In general, film footage is usually transferred with the maximum amount of image data possible, especially when transferred as a completely uncompressed image sequence (4:4:4) as part of a carefully managed digital intermediate workflow. This is one reason for the higher quality of the average film workflow.
Bit Depth Explained
Another factor that affects the quality of video images, and can have an effect on the quality of your image adjustments, is the bit depth of the source media you’re working with. With both RGB and Y′CBCR encoded media, the higher the bit depth, the more image data is available, and the smoother both the image and your corrections will be. The differences between images at different bit depths is most readily apparent in gradients such as skies, where lower bit depths show banding, and higher bit depths do not.

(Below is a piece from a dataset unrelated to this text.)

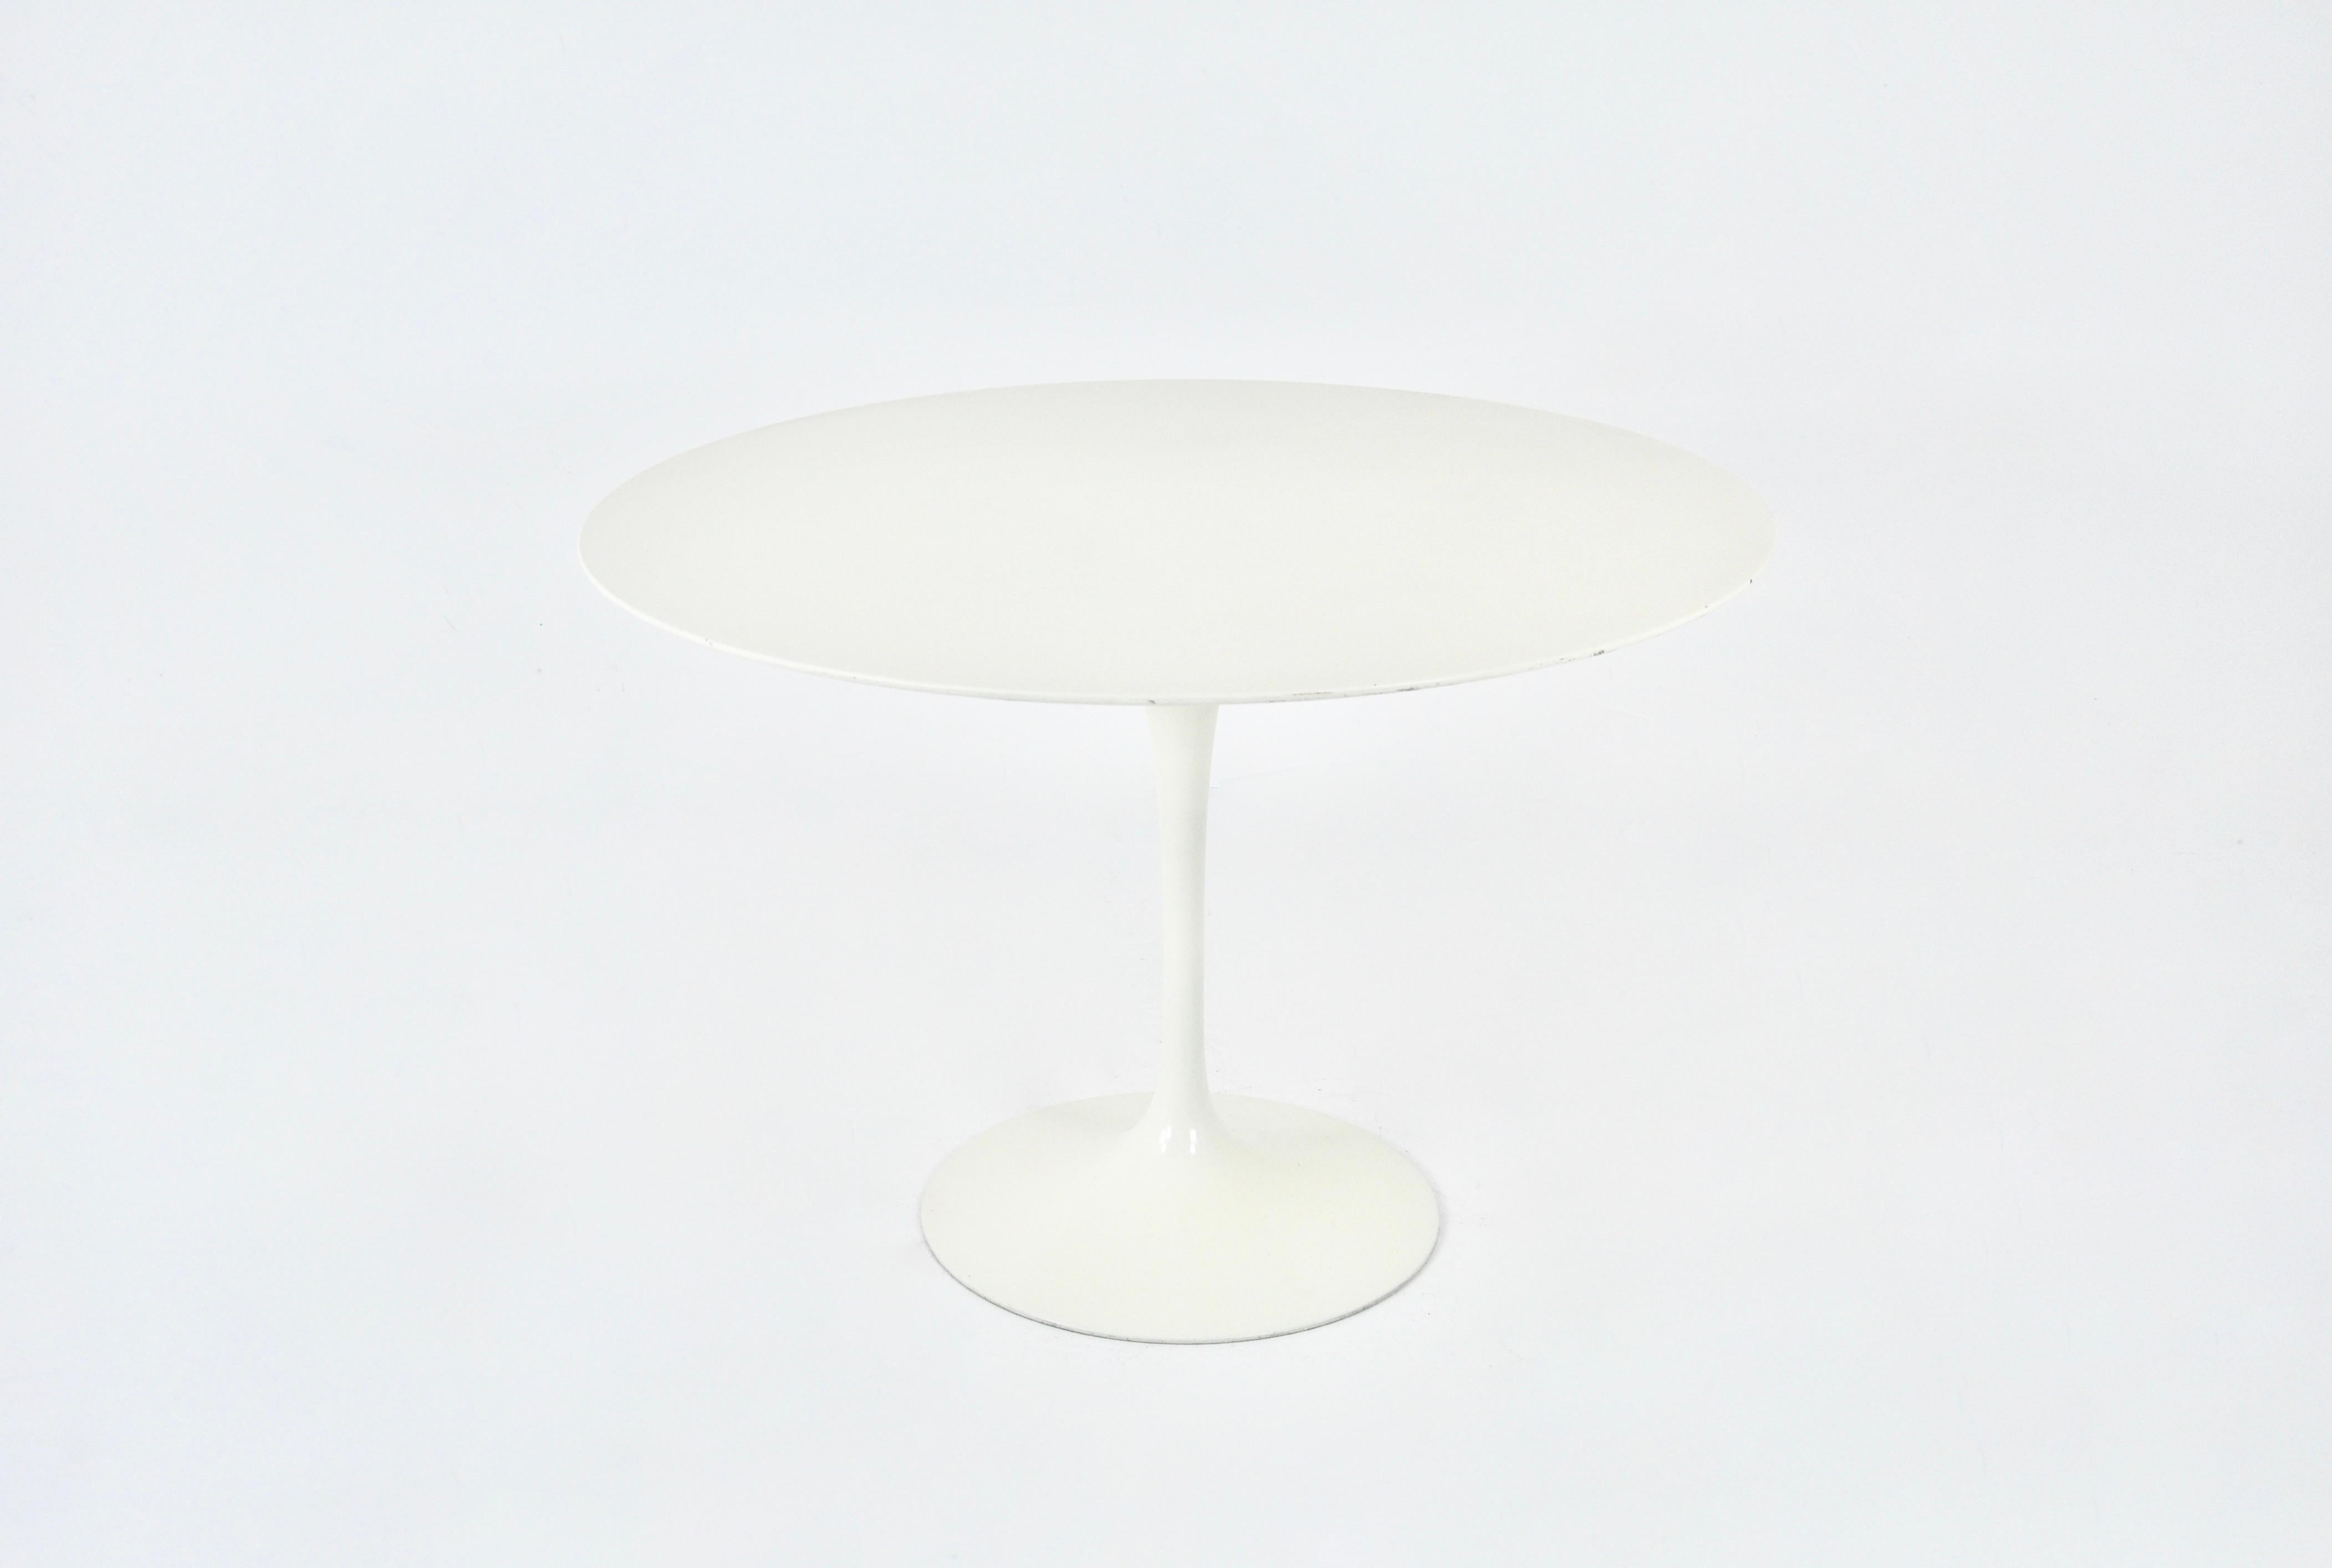 Round table in white laminate with aluminium base designed by Eero Saarinen and produced by Knoll International. stamped Knoll International. Wear due to time and age of the table.

The bit depth of your source media depends largely on how that media was originally acquired. Most of the media you’ll receive falls into one of the following bit depths, all of which Color supports:
- 8-bit: Most standard and high definition consumer and professional digital video formats capture 8-bit image data, including DV and DVCPRO-25, DVCPRO 50, HDV, DVCPRO HD, HDCAM, and so on.
- 10-bit: Many video capture interfaces allow the uncompressed capture of analog and digital video at 10-bit resolution.
- 10-bit log: By storing data logarithmically, rather than linearly, a wider contrast ratio (such as that of film) can be represented by a 10-bit data space. 10-bit log files are often recorded from datacine scans using the Cineon and DPX image sequence formats.
- 12-bit: Some cameras, such as the RED ONE, capture digital images at 12-bit, providing for even smoother transitions in gradients.
- 16-bit: It has been said that it takes 16 bits of linear data to match the contrast ratio that can be stored in a 10-bit log file. Since linear data is easier for computers to process, this is another data space that’s available in some image formats.
- Floating Point: The highest level of image-processing quality available. Refers to the use of floating-point math to store and calculate fractional data. This means that values higher than 1 can be used to store data that would otherwise be rounded down using the integer-based 8-bit, 10-bit, 12-bit, and 16-bit depths. Floating Point is a processor-intensive bit depth to work with.
Higher bit depths accommodate more image data by using a greater range of numbers to represent the tonal range that’s available. This is apparent when looking at the numeric ranges used by the two bit depths most commonly associated with video.
- 8-bit images use a full range of 0–255 to store each color channel. (Y′CBCR video uses a narrower range of 16–235 to accommodate super-black and super-white.) 255 isn’t a lot of values, and the result can be subtly visible “stairstepping” in areas of the picture with narrow gradients (such as skies).
- 10-bit images, on the other hand, use a full range of 0 to 1023 to store each color channel. (Again, Y′CBCR video uses a narrower range of 64–940 to accommodate super-black and super-white.) The additional numeric range allows for smoother gradients and virtually eliminates bit depth–related artifacts.
Fortunately, while you can’t always control the bit depth of your source media, you can control the bit depth at which you work in Color independently. This means that even if the source media is at a lower bit depth, you can work at a higher bit depth to make sure that the quality of your corrections is as high as possible. In particular, many effects and secondary corrections look significantly better when Color is set to render at higher bit depths.